WORK TO BE COMPLETED » Your answer must be the full listing below, repeated exactly, with no pictures in it.

DATA SHOWN »
========
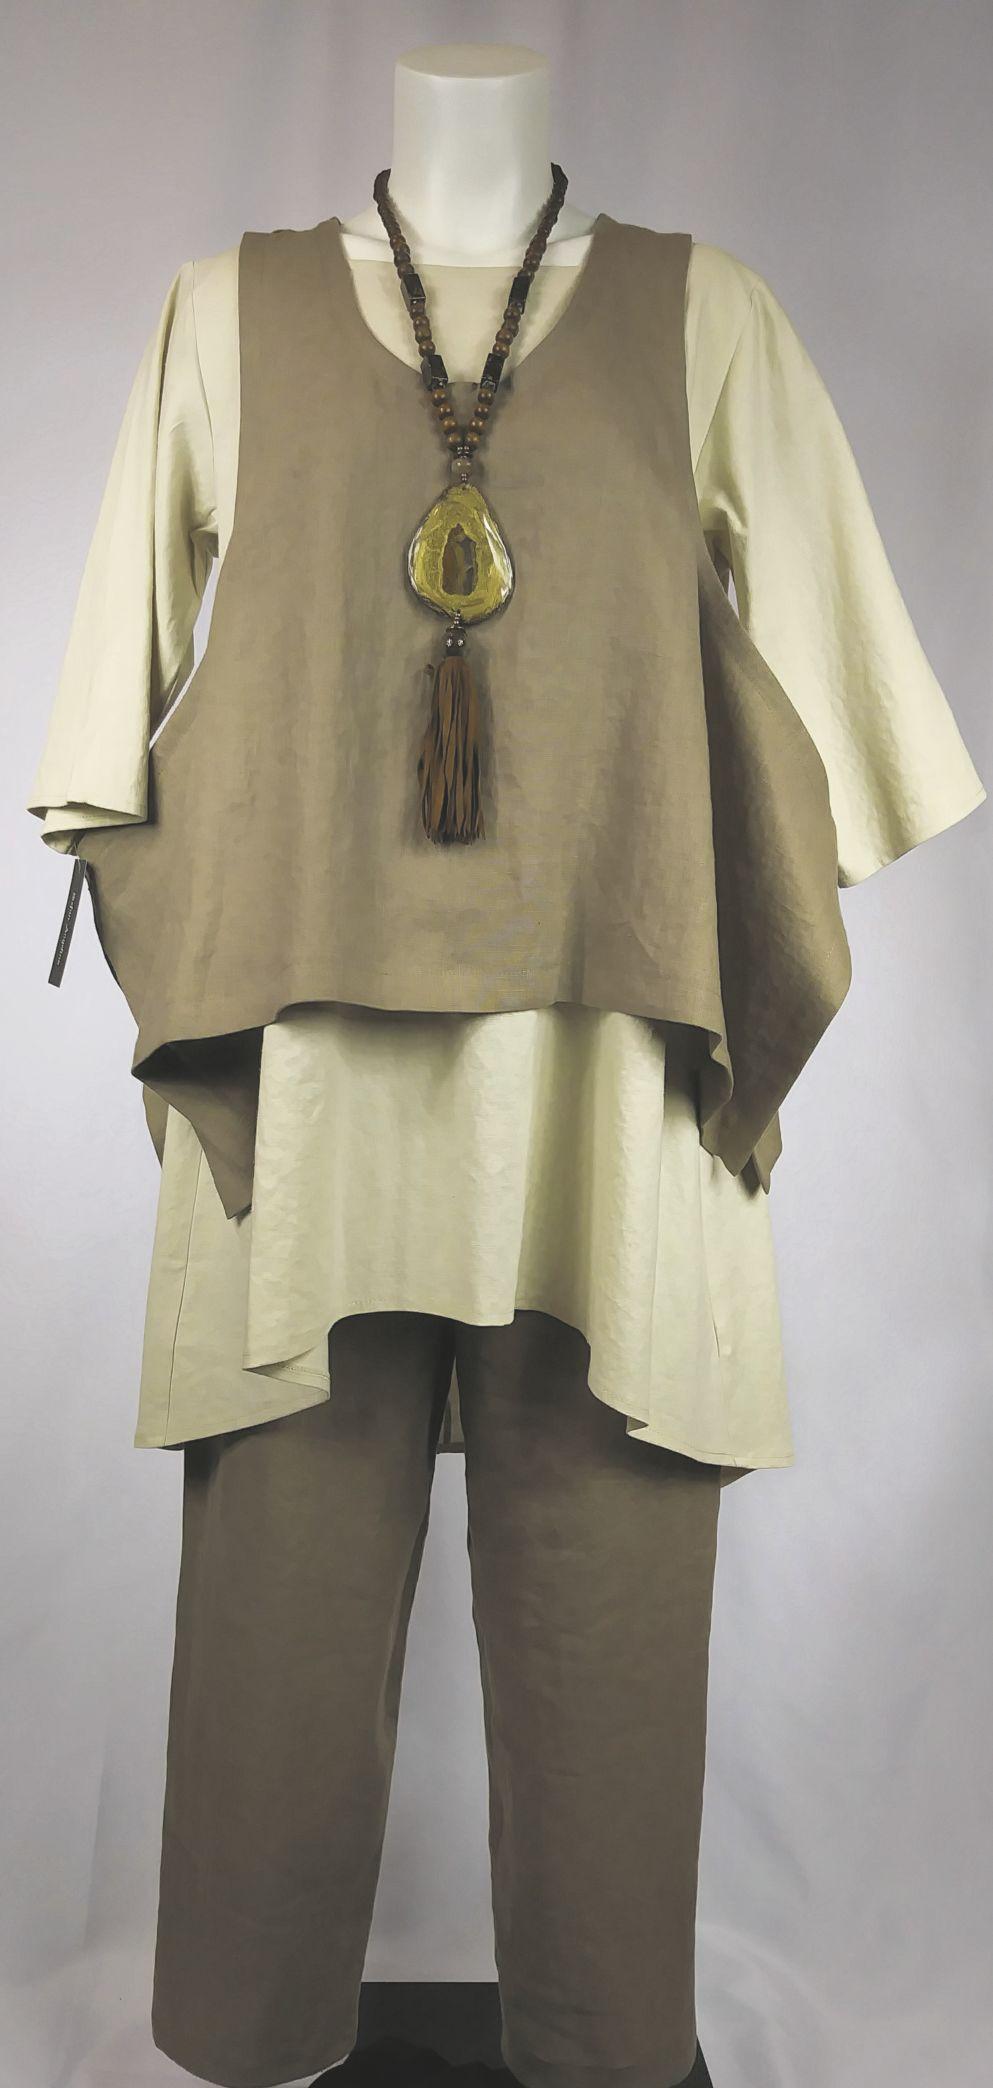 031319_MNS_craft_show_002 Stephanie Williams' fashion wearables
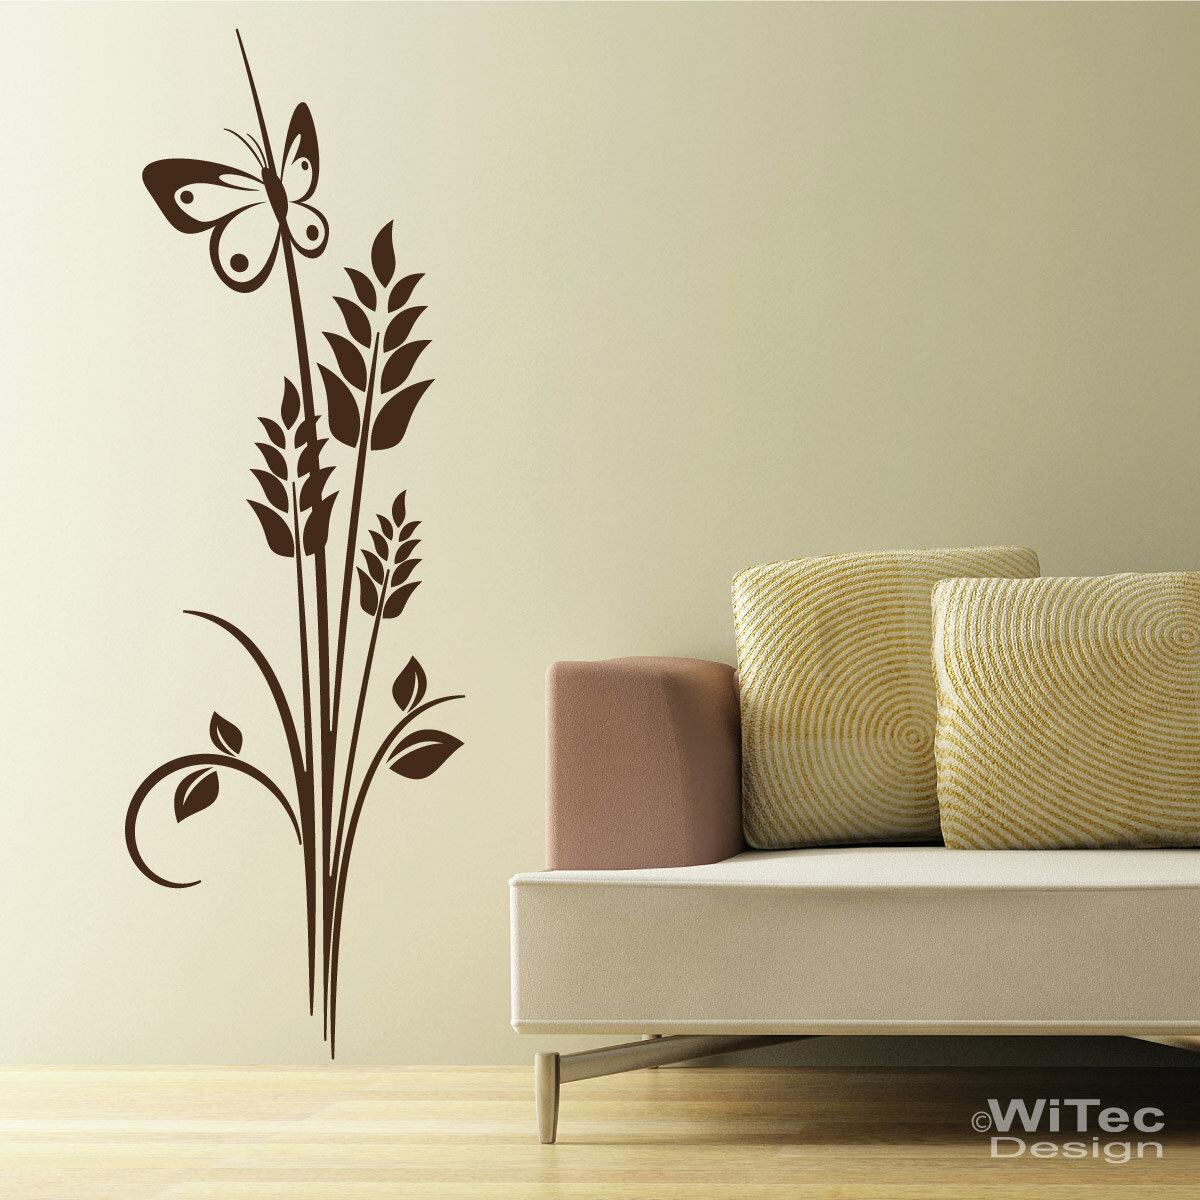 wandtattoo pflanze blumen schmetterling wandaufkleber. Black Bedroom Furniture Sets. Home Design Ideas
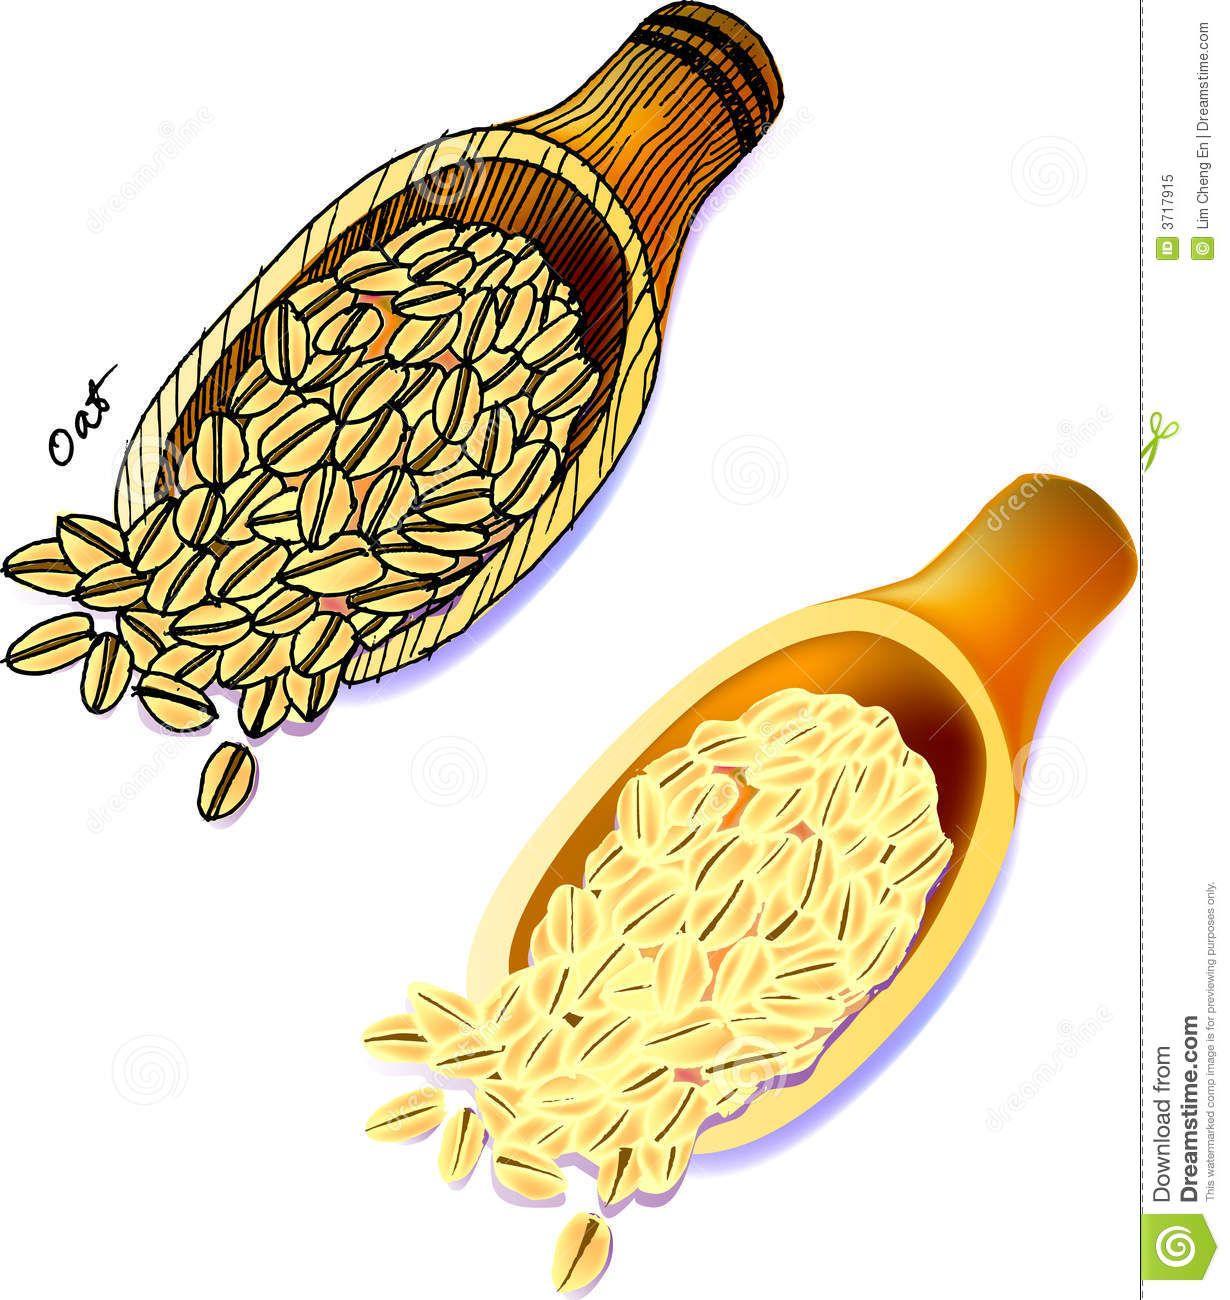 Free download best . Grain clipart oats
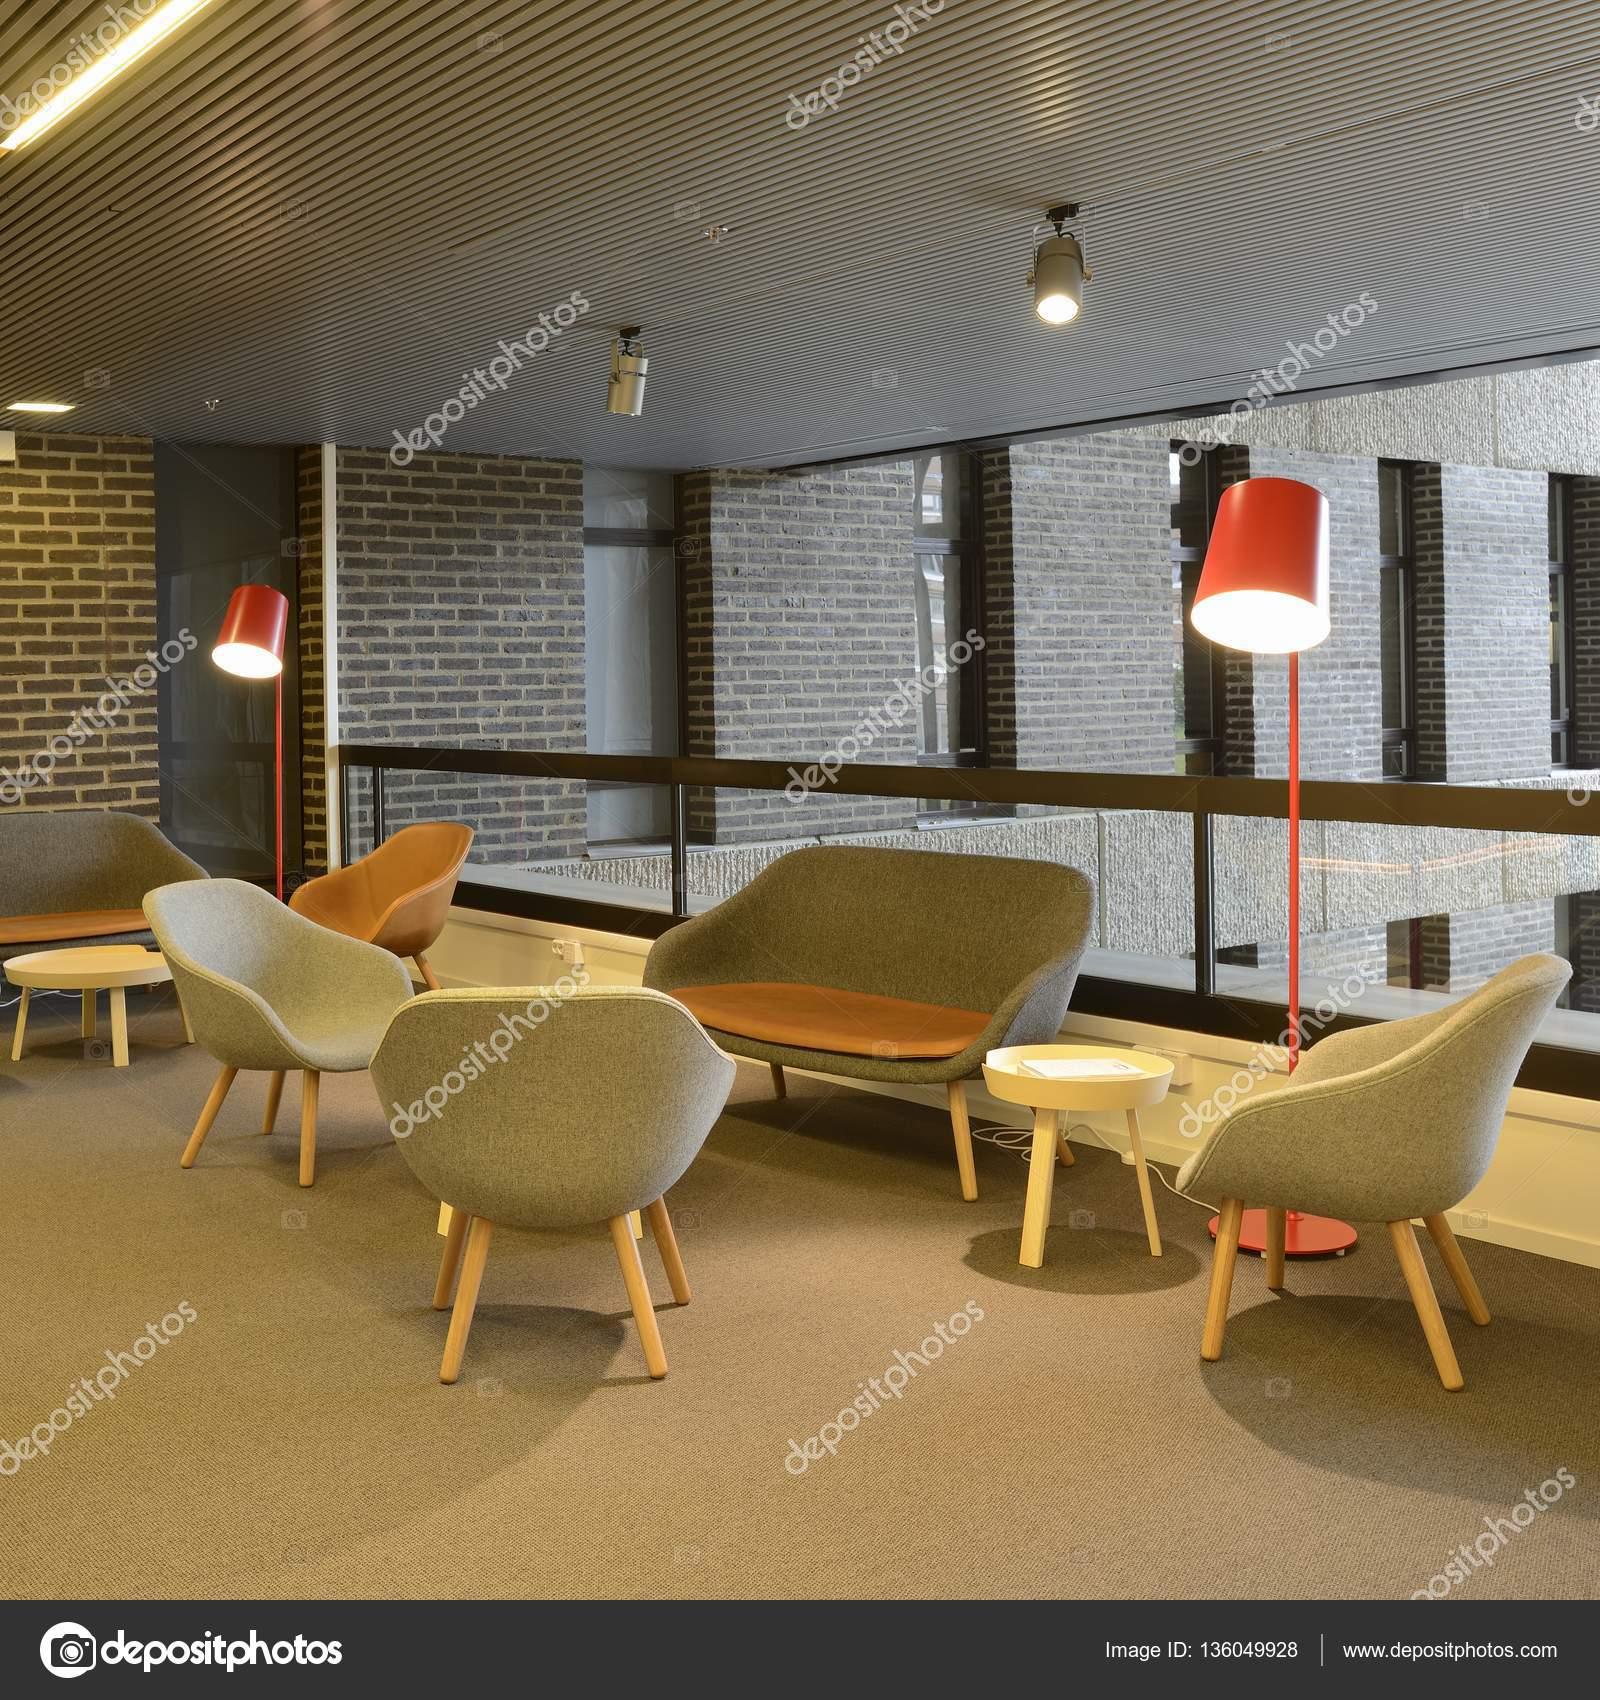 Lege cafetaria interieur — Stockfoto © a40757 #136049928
========
THE ANSWER »
 031319_MNS_craft_show_002 Stephanie Williams' fashion wearables
 wandtattoo pflanze blumen schmetterling wandaufkleber. Black Bedroom Furniture Sets. Home Design Ideas
 Free download best . Grain clipart oats
 Lege cafetaria interieur — Stockfoto © a40757 #136049928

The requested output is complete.